Data supplied:
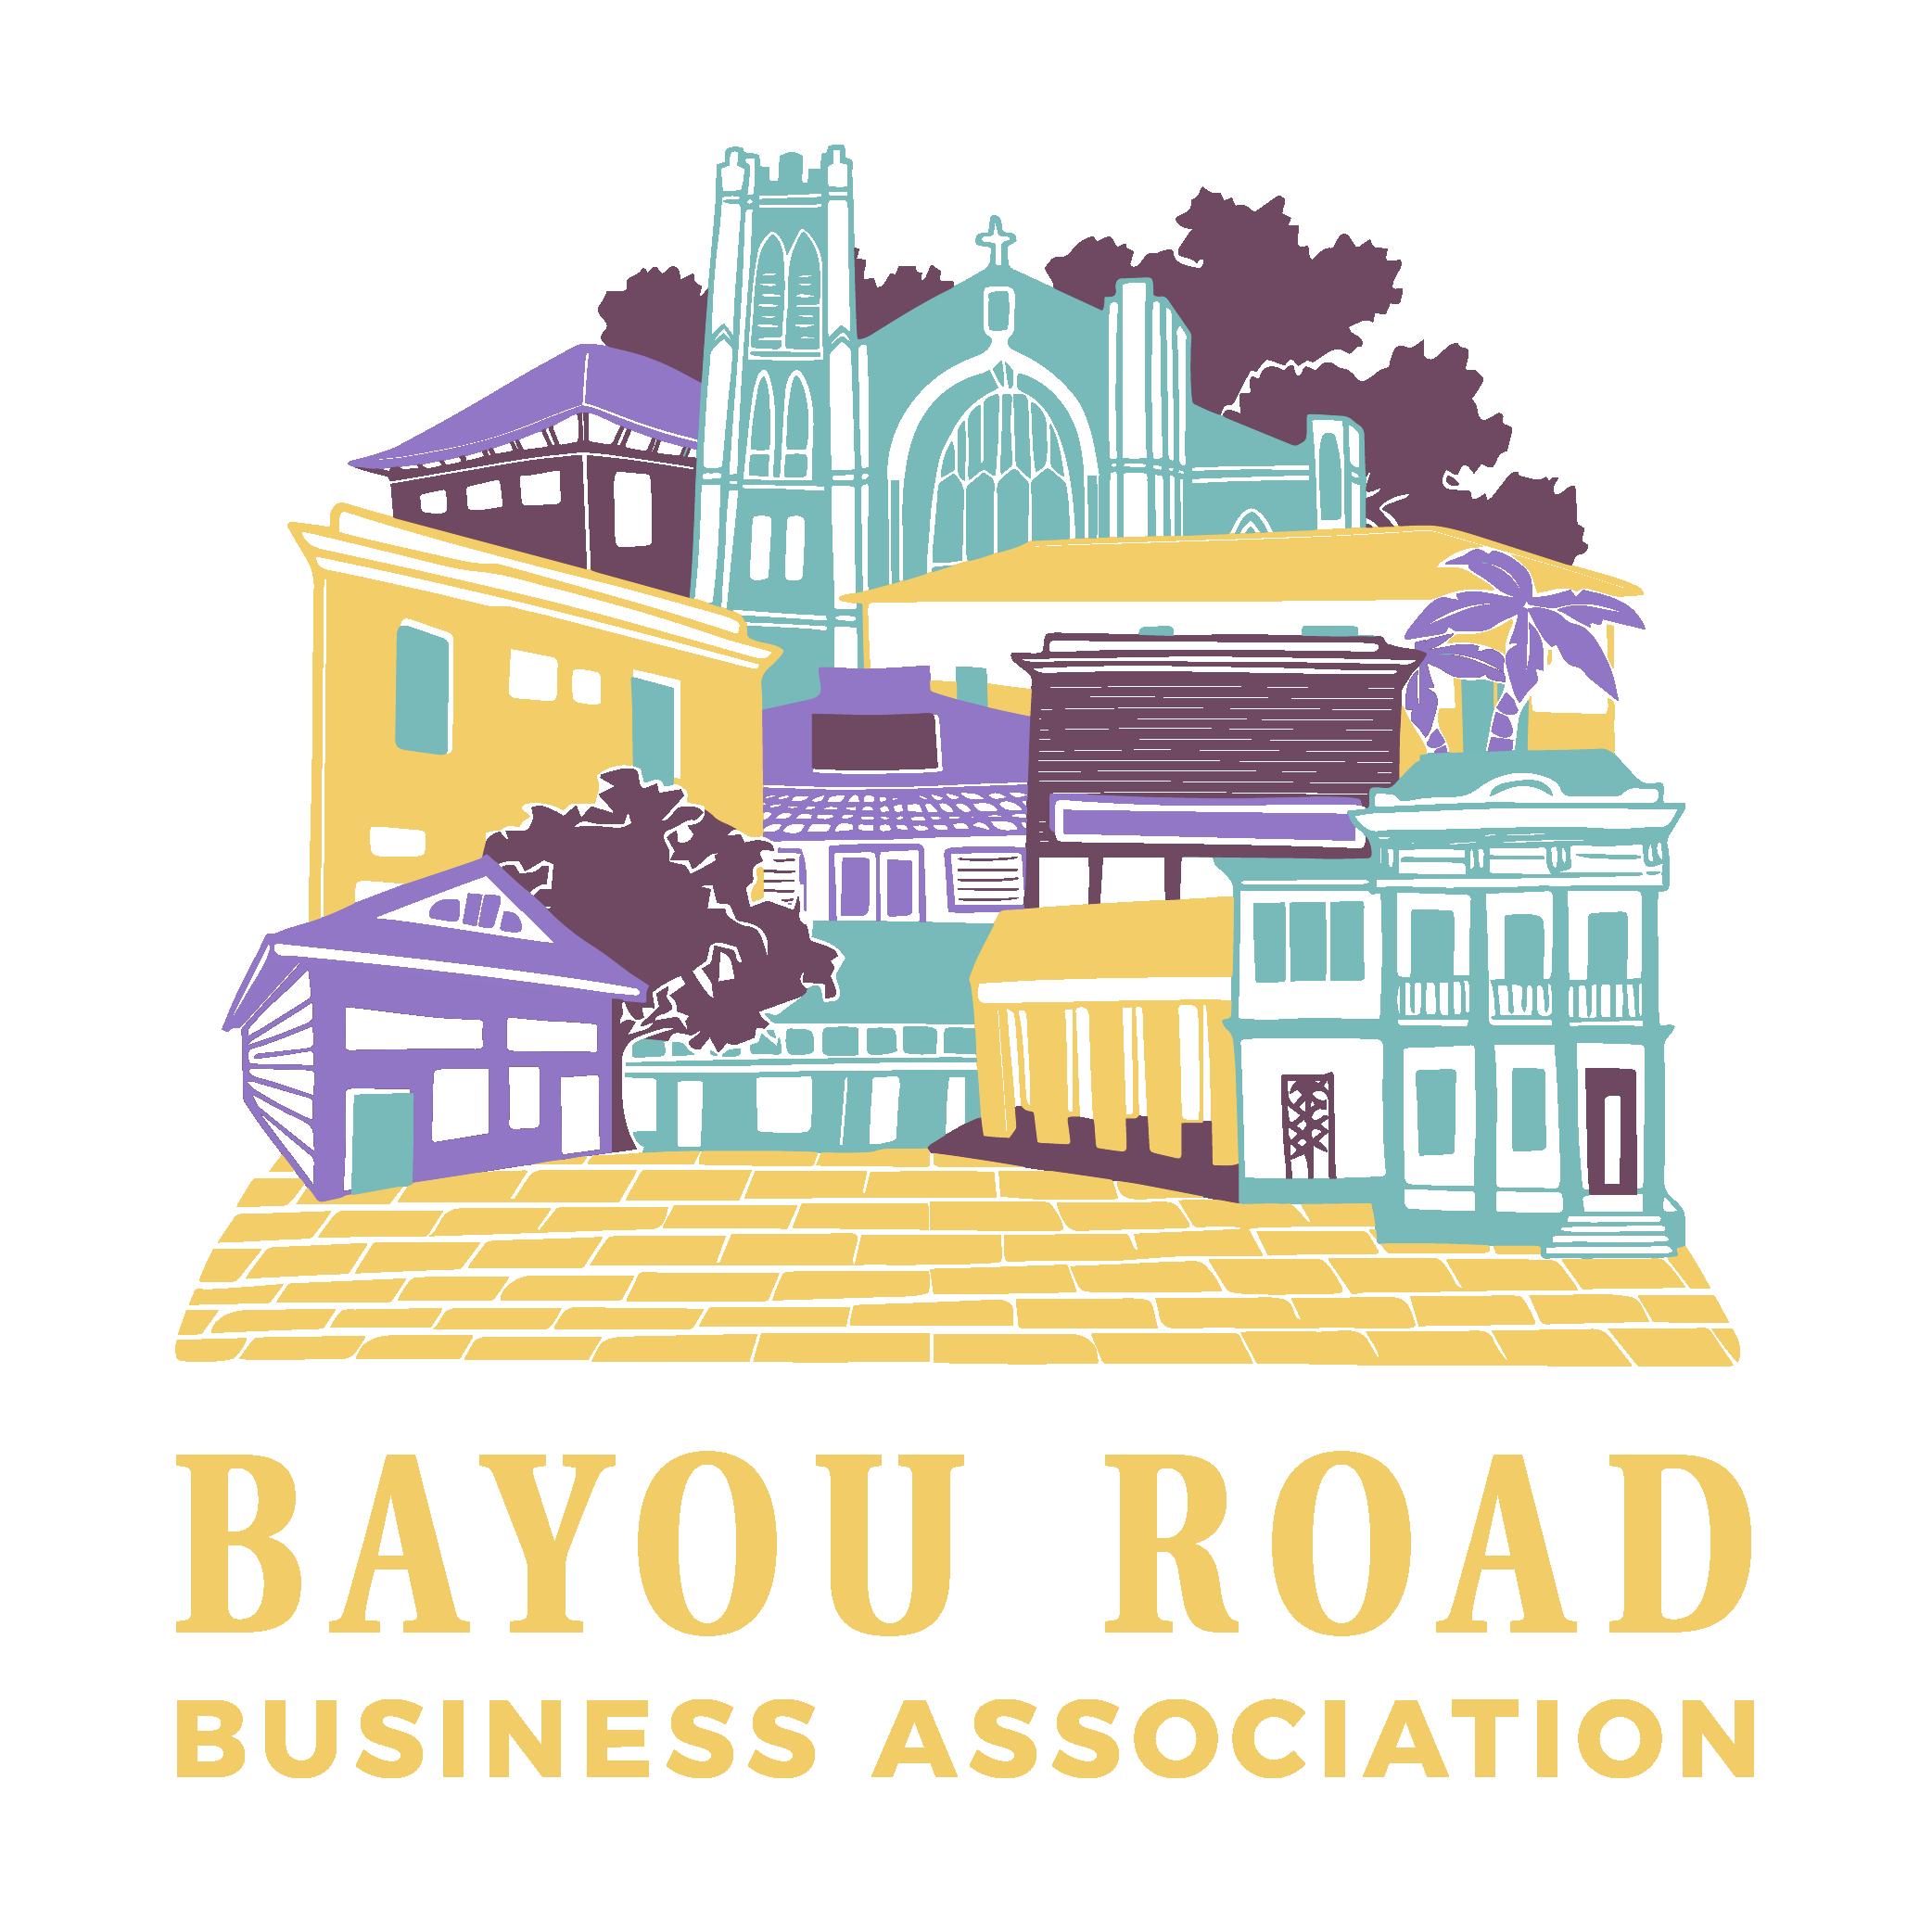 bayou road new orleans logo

--

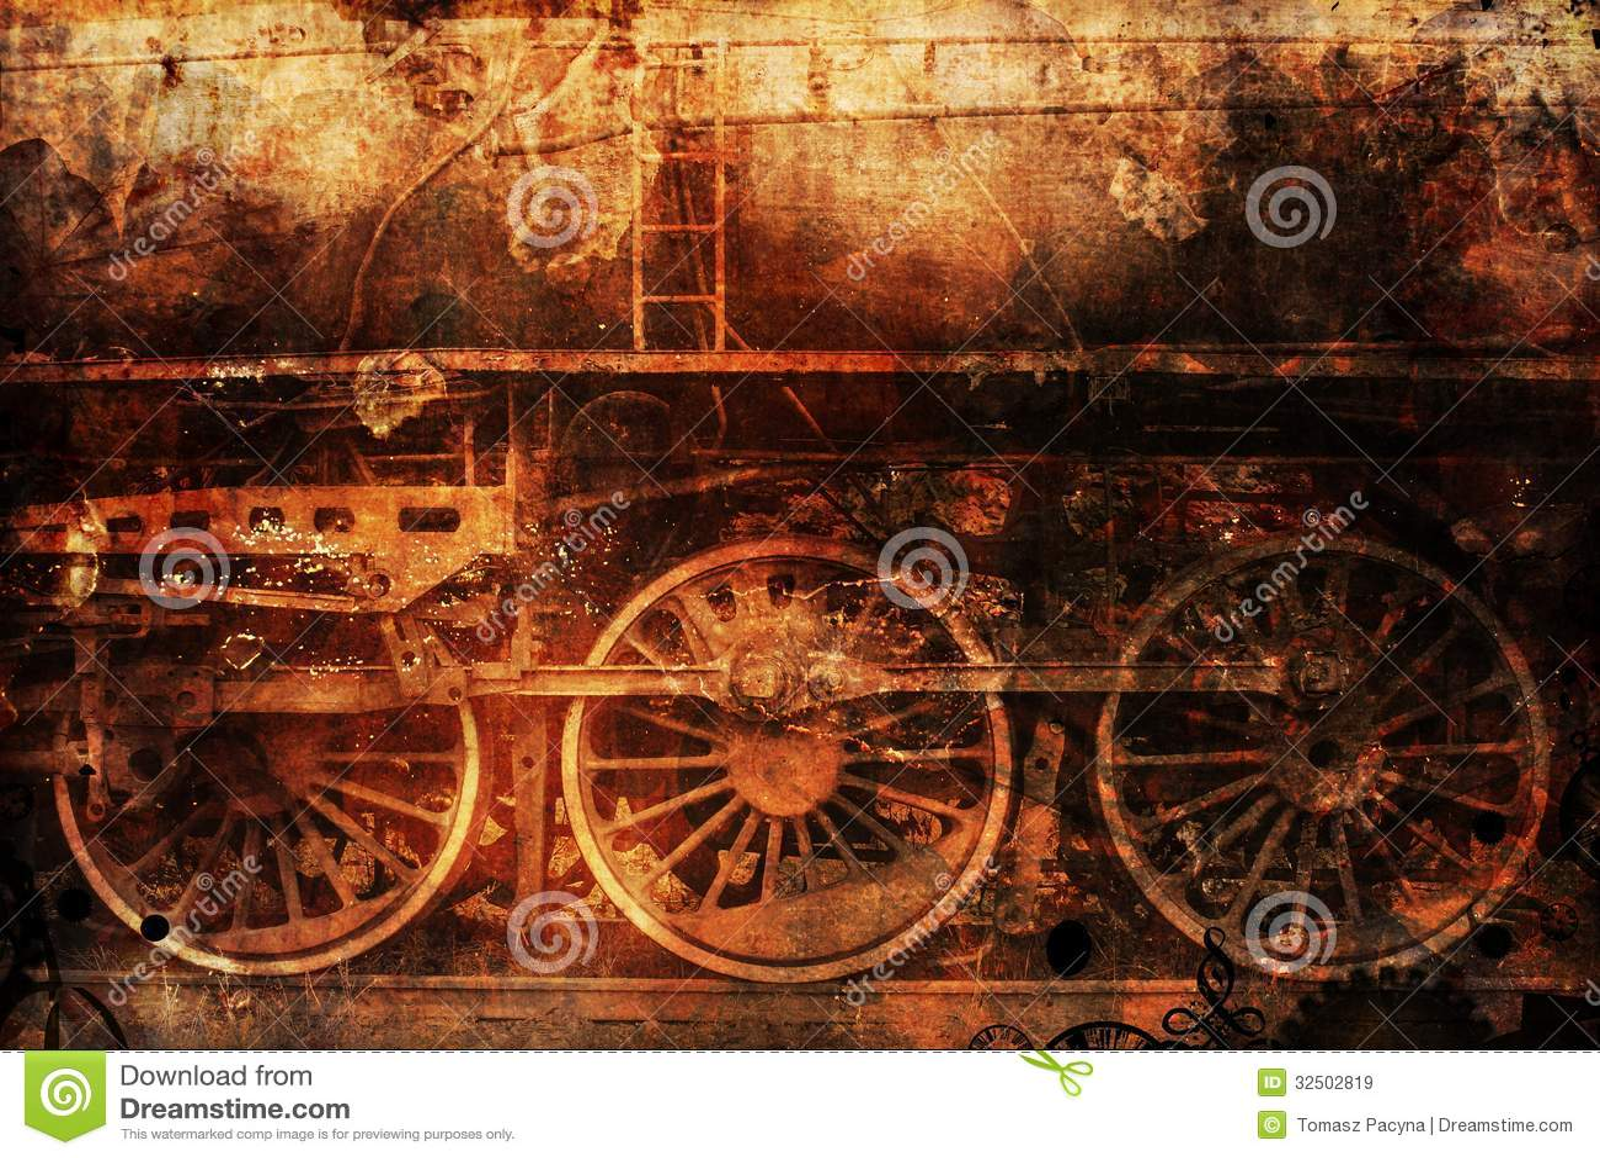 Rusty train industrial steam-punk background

* * *

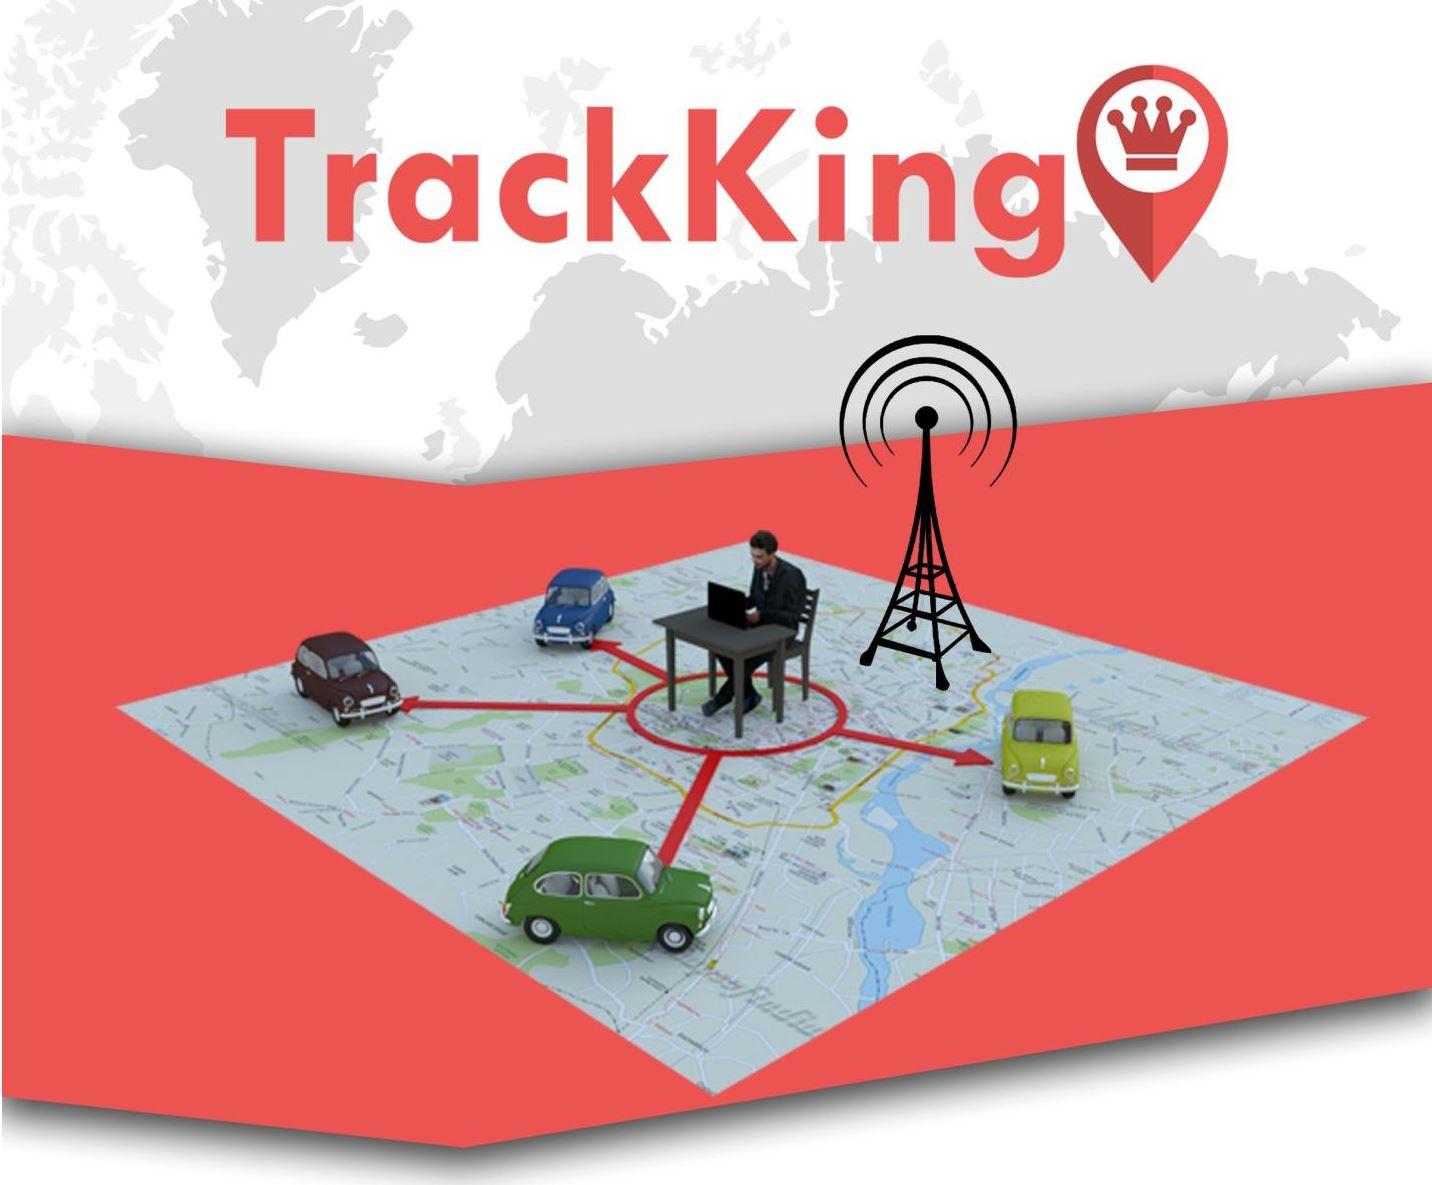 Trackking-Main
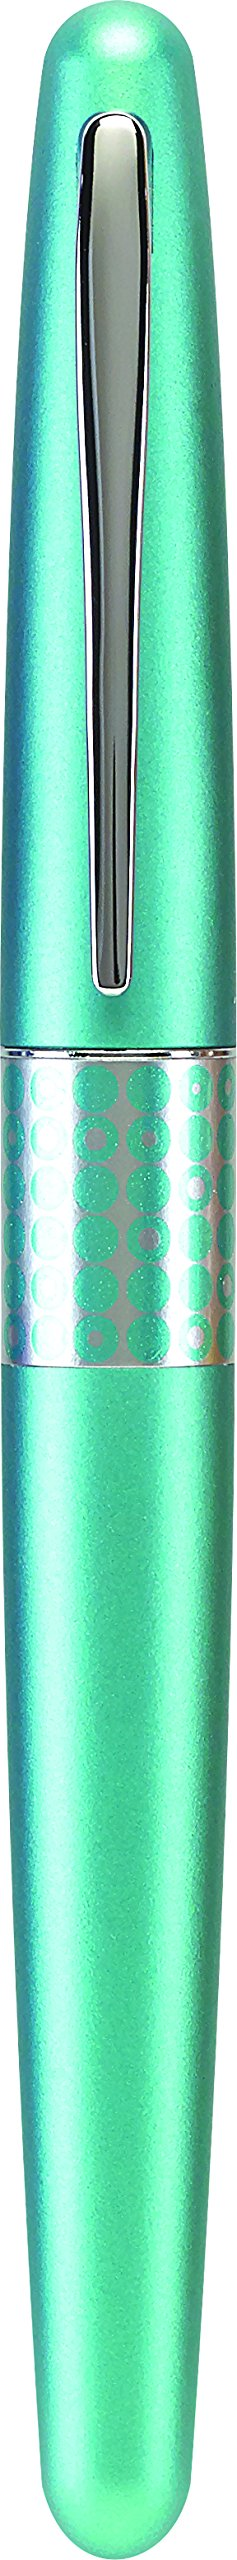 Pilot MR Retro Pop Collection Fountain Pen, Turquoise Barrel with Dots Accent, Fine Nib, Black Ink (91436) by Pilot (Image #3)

Activity:
From the records above, copy only the lines running from the line holding "Trackking-Main" through the line holding "Pilot MR Retro", with no pictures.

Answer for this exercise:
 Trackking-Main
 Pilot MR Retro Pop Collection Fountain Pen, Turquoise Barrel with Dots Accent, Fine Nib, Black Ink (91436) by Pilot (Image #3)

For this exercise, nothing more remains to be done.